Андрей послушно поворачивается и видит, что там струится серебристый с прозеленью поток.
– Что это?
– Это время!
– Что значит время?!! Куда же оно течет?
– Какой глупый вопрос, Волчок! Время никуда не течет! Оно просто есть. И оно страдает от наших несправедливых упреков. Оно не виновато ни в чьем старении. Ему не хватает нашей любви.
Настя нырнула в серо – зеленый поток, задержалась в нем, а потом начала его наполнять золотым светом. "Вот так!", – весело крикнула она…
Когда утром Андрей вышел на маршрут, то повстречал замерзший водопад. "Время никуда не течет!", – сразу пронеслось в его голове. Это была присказка дня, которую он потом жевал до самого обеденного привала. Но и фраза про время была не последней версией девиза похода…
VII
После того отчаянного зарубания на склоне Андрей каждый день, не задумываясь, одевал кошки и шел, опираясь на лыжные палки. Но когда после падения Андрей заглянул в себя, он там вообще почти ничего не обнаружил! Под ребрами была некая гулкая пустота…
После 21 одного дня, проведенного в горах, меняется состав крови. Но пошел уже второй месяц с тех пор, как Андрей сошел с трапа самолета. С тех пор он только и делал, что сливался с бытийным миром. Немногочисленные события происходили сами собой. Не он шел в поход. А "происходило восхождение". Также должна была сама по себе случиться и смерть.
И оказалось, за этот месяц его прежняя жизнь незаметно рассыпалась, словно прах. Не было желаний, не было обид, не было сердитости, не было корысти, не было вожделений, не было мечтаний. Больше всего Андрей поразился именно утраченной способности мечтать. Он так и не смог придумать мечту – сексуальную, денежную или тщеславную, которая смогла бы его хоть как‑то взволновать.
Казалось, что теперь Андрей шел в гору в легком теле, а не только с сильно полегчавшим рюкзаком. Всё отвалилось и исчезло. Иногда в голове вообще не оставалось мыслей, а было, как в пустой комнате, куда проникает солнечный луч, и пыль медленно клубится в нем – единственная, нарушающая статичность.

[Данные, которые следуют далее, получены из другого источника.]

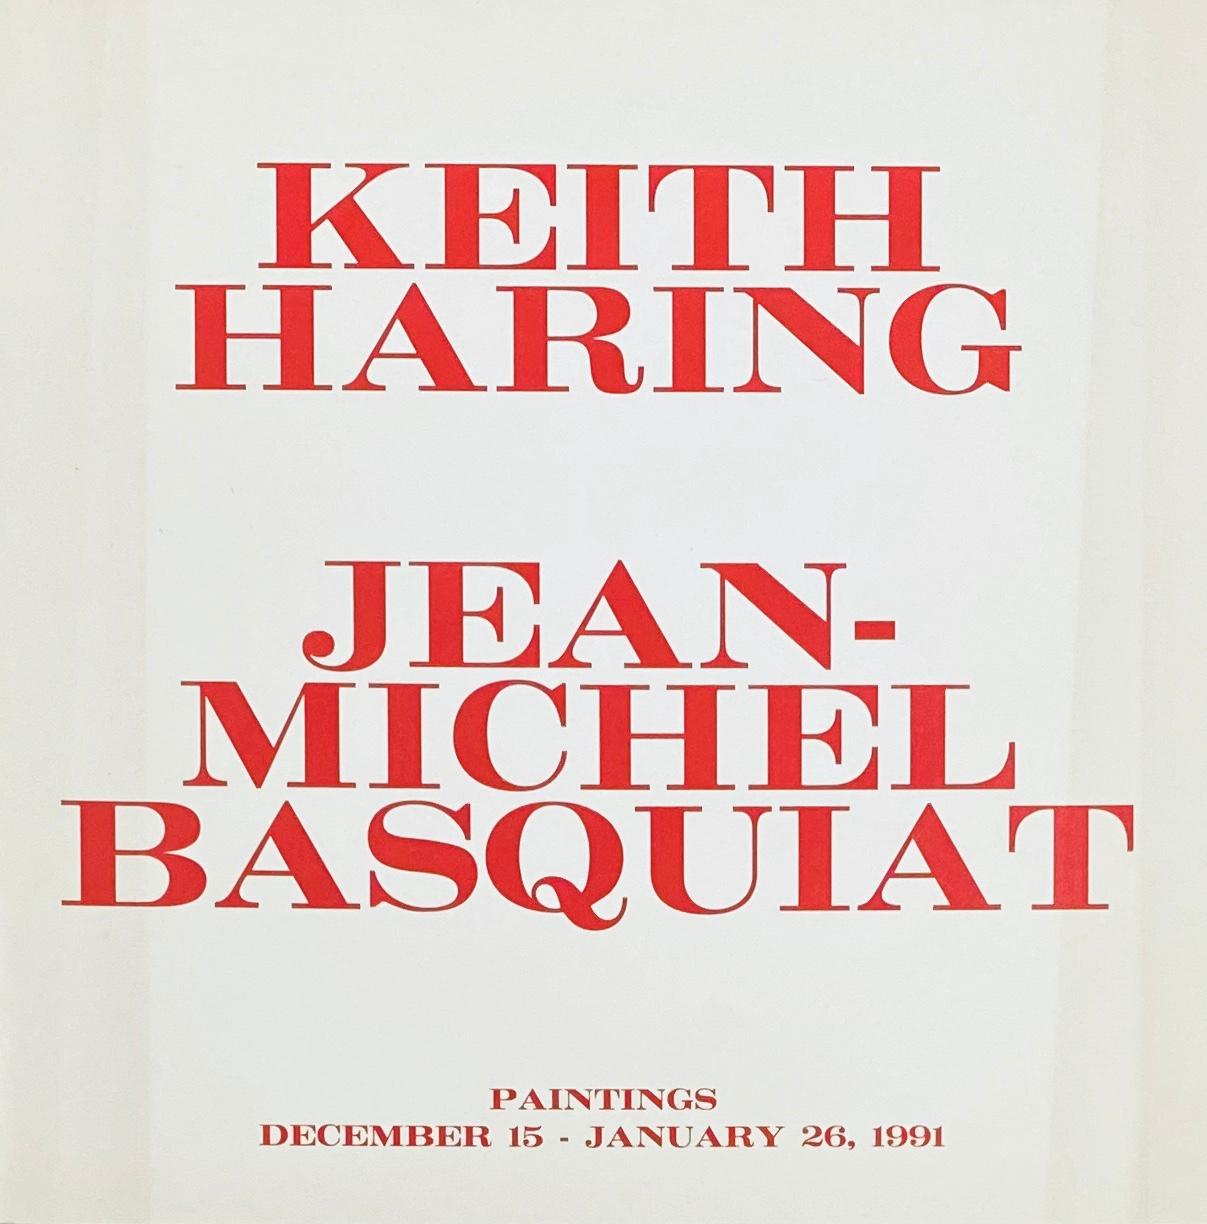 Jean-Michel Basquiat Keith Haring at Tony Shafrazi 1990/1991 (announcement) - Art by after Jean-Michel Basquiat

С этой пустотой внутри он шагал еще с неделю, пока вдруг перед тем как уснуть не вспомнил сон про Настю. "Надо наполнять пустоту светом", – догадался он. И попытался наполнить "светом" палатку. Из его солнечного сплетения вышел невидимый поток. Было приятно. Андрей вскоре устал, но пустоты внутри больше не было!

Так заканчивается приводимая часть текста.